Question

Lipase is a versatile industrial enzyme that can be applied to various industries. It is one of the most important classes of hydrolytic enzymes that catalyze the hydrolysis of triacylglycerol to diacylglycerol, fatty acids and glycerol. You are a bioprocess engineer assigned by your superior to work with a biotechnologist to provide a proposal on the upstream and downstream processing of microbial lipase targeted to the biodiesel processing application. To begin the project, you are required to present a preliminary investigation report on the following. a. Select a suitable microorganism and a lipid carbon source that can be applied to produce microbial lipase for the targeted application economically at industrial scale with justifications.

I have found a microorganism which can produce Microbial Lipase for biodiesel process application economically at industrial scale by doing research. I found out an article of microorganism name 'Streptomyces sp CS 326'.
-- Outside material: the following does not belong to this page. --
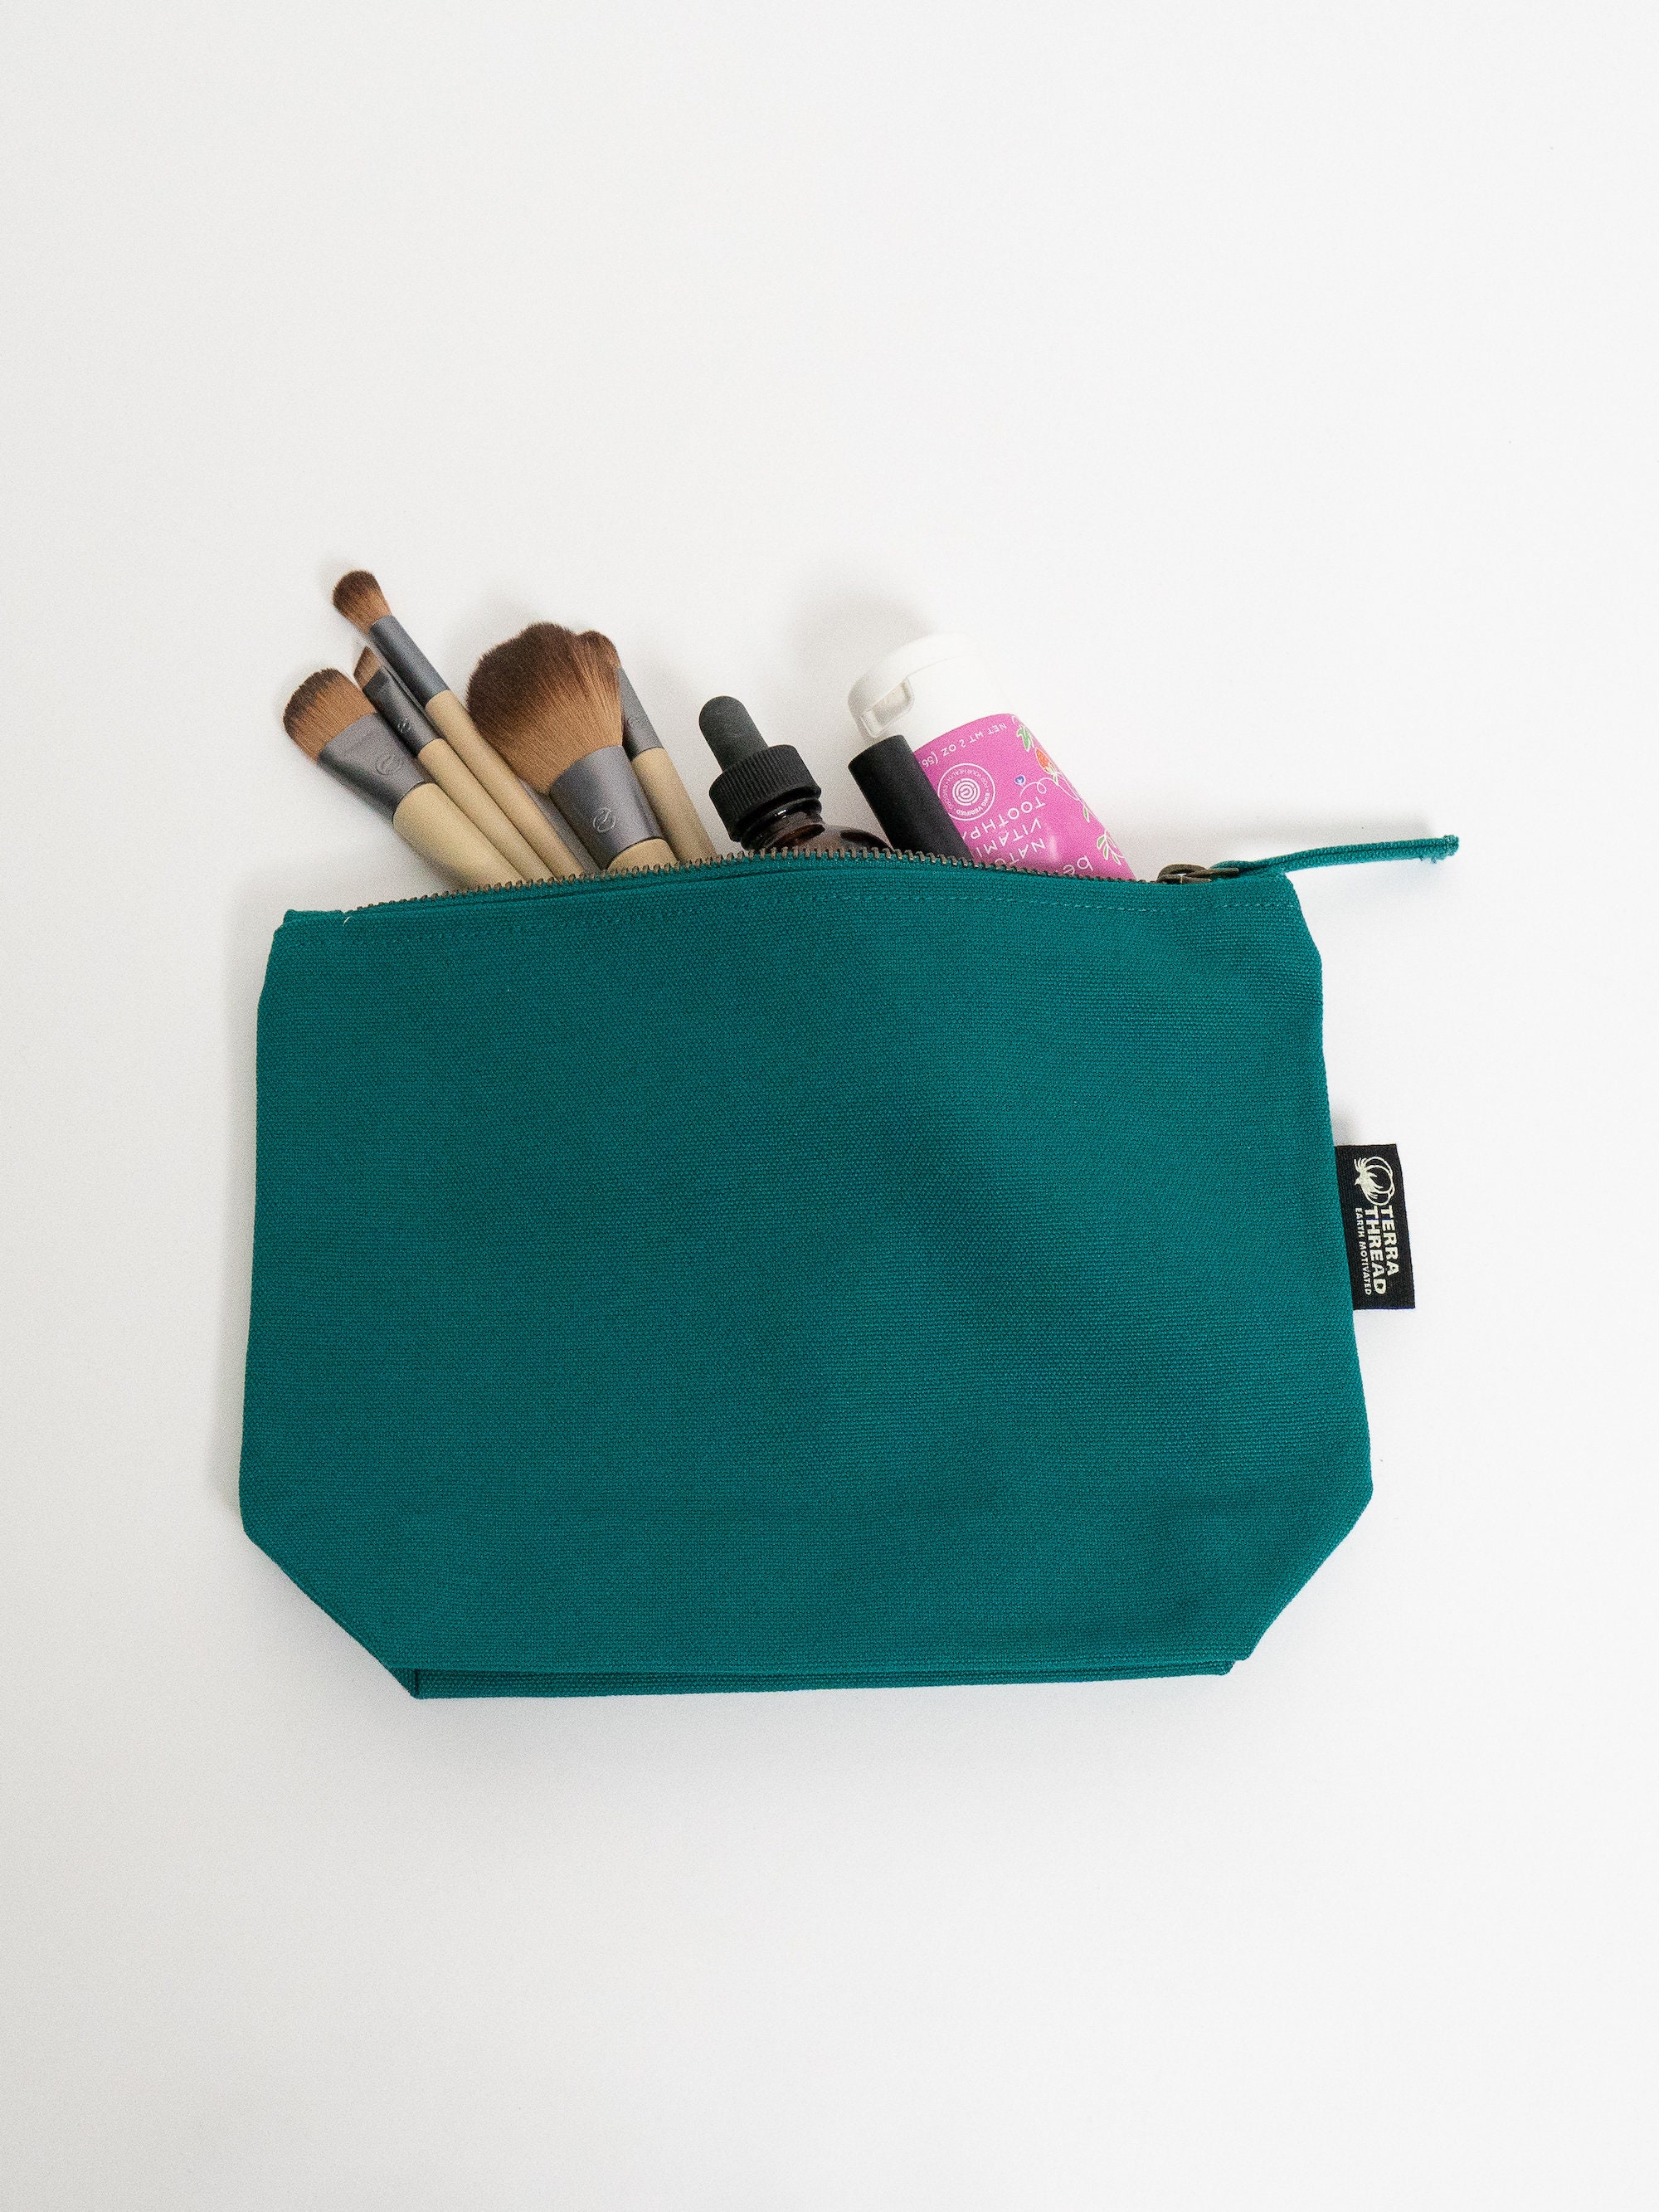 Organic Cotton Zipper Pouch for Pencils, Makeup, and More

The heading of the article says 'A neutral lipase applicable in biodiesel production from a newly isolated Streptomyces sp CS 326.'

what is meant by 'neutral lipase'? Is it different from Microbial lipase? And can i use this microorganism 'Streptomyces sp CS 326' for the production of Microbial lipase for biodiesel process application?

Answer 1

Characterization of Neutral Lipase BT-1 Isolated from the Labial Gland of Bombus terrestris Males

In addition to their general role in the hydrolysis of storage lipids, bumblebee lipases can participate in the biosynthesis of fatty acids that serve as precursors of pheromones used for sexual communication.

The study of temporal dynamics of lipolytic activity in crude extracts from the cephalic part of Bombus terrestris labial glands. Extracts from 3-day-old males displayed the highest lipolytic activity. The highest lipase gene expression level was observed in freshly emerged bumblebees, and both gene expression and lipase activity were lower in bumblebees older than 3 days. Lipase was purified from labial glands, further characterized and named as BT-1. The B. terrestris orthologue shares 88% sequence identity with B. impatiens lipase HA. The molecular weight of B. terrestris lipase BT-1 was approximately 30 kDa, the pH optimum was 8.3, and the temperature optimum was 50°C. Lipase BT-1 showed a notable preference for C8-C10 p-nitrophenyl esters, with the highest activity toward p-nitrophenyl caprylate (C8). The Michaelis constant (Km) and maximum reaction rate (Vmax) for p-nitrophenyl laurate hydrolysis were Km = 0.0011 mM and Vmax = 0.15 U/mg.

Also use in Biofuel production

In an attempt to isolate a biocatalyst able to catalyze biodiesel production from microbial source, Streptomyces sp. CS326 was screened from hundreds of soil isolates collected from various parts of Korea. In 16S rRNA sequence analysis, the strain showed high degree of similarity with Streptomyces xanthocidicus (99.79%); therefore, it is classified as Streptomyces sp. CS326. An extracellular lipase produced by the strain (LP326) was purified using a single step gel permeation chromatography on Sepharose CL-6B. Molecular weight of LP326 was estimated to be 17,000 Da by SDS-PAGE. The activity was optimum at 40 °C and pH 7.0 and was stable at pH 5.0-8.0 and below 50 °C. It preferred p-nitrophenyl palmitate (C16), a long chain substrate; and K (m) and V (max) for the substrate were determined to be 0.24 mM and 4.6 mM/min mg, respectively. First 10 N-terminal amino acid sequences were APDLVALQSE, which are different from so far reported lipases. LP326 catalyzed biodiesel production using methanol and various oils; therefore, the enzyme can be applicable in the field of biofuel.